WHY HAVE A BUSINESS CONTINUITY AND/OR A DISASTER RECOVERY PLAN?
Most businesses can describe, in general terms, what they'd do if a major system went down. Far fewer have actually written it down, tested it, and confirmed that the people responsible for executing it know their role. That gap — between "we'd figure it out" and "we have a plan" — is exactly where prolonged downtime, lost data, and missed recovery windows come from.
Business continuity and disaster recovery aren't the same thing, and treating them as one project usually means neither gets done well. Continuity planning is about how the business keeps functioning during a disruption. Disaster recovery is about how your systems and data actually get restored. Both matter; they answer different questions.
HOW WE HELP
BUSINESS CONTINUITY PLANNING (BCP)
We work with you to document how your business continues operating during a disruption — critical functions, backup processes, communication plans, and the decision tree for who does what when something goes wrong. This becomes a living document your team can actually use, not a binder that sits on a shelf.

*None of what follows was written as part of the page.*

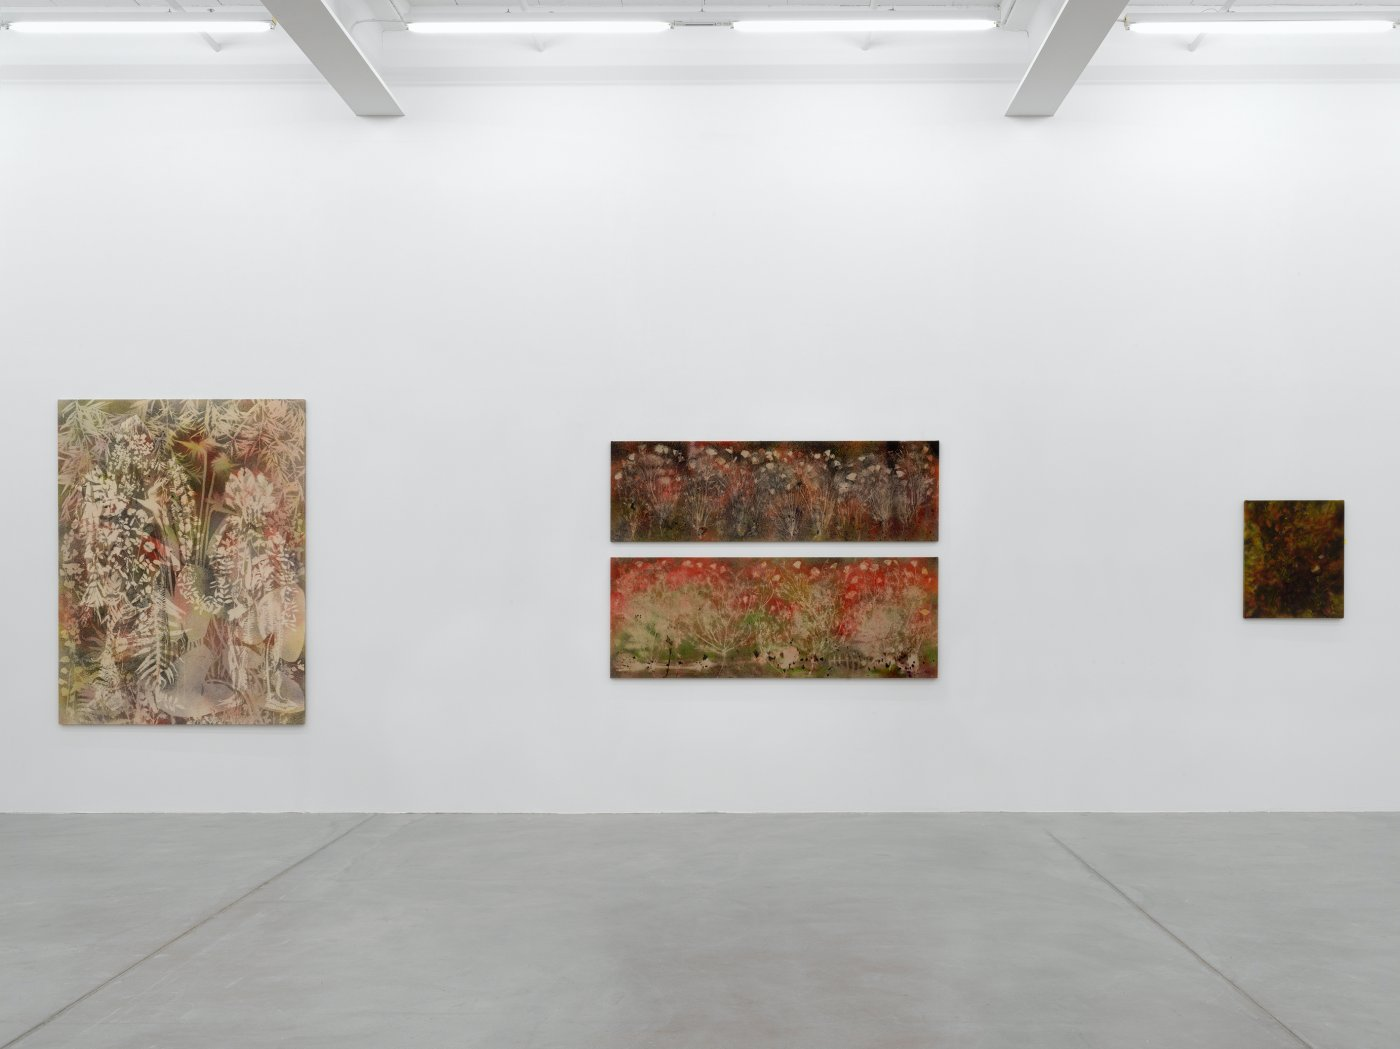 Galerie Eva Presenhuber Maag Areal Sam Falls 10

DISASTER RECOVERY (DR) PLANNING
We assess your current backup and recovery posture, identify gaps between what you think is recoverable and what actually is, and build a recovery plan scoped to your specific systems, recovery time objectives, and recovery point objectives.
TESTING AND VALIDATION
A plan that's never been tested is a guess. Where appropriate, we help validate that your continuity and recovery plans actually work before you need them to.
PLAN MAINTENANCE
Business continuity and disaster recovery plans go stale as your systems and team change. We can structure ongoing review so the plan keeps matching the business it's protecting.
WHO THIS IS FOR
Businesses that have never formally documented a continuity or recovery plan, organizations that have a plan but haven't revisited it since it was written, businesses in regulated industries where continuity planning is an expectation rather than a nice-to-have, and anyone who has already had a close call and doesn't want the next one to be worse.
ENGAGEMENT MODEL
Business Continuity Planning starts at a published baseline rate for a standard engagement, scoped up depending on organizational complexity. Disaster Recovery Planning is quoted individually based on your systems, data volume, and recovery requirements.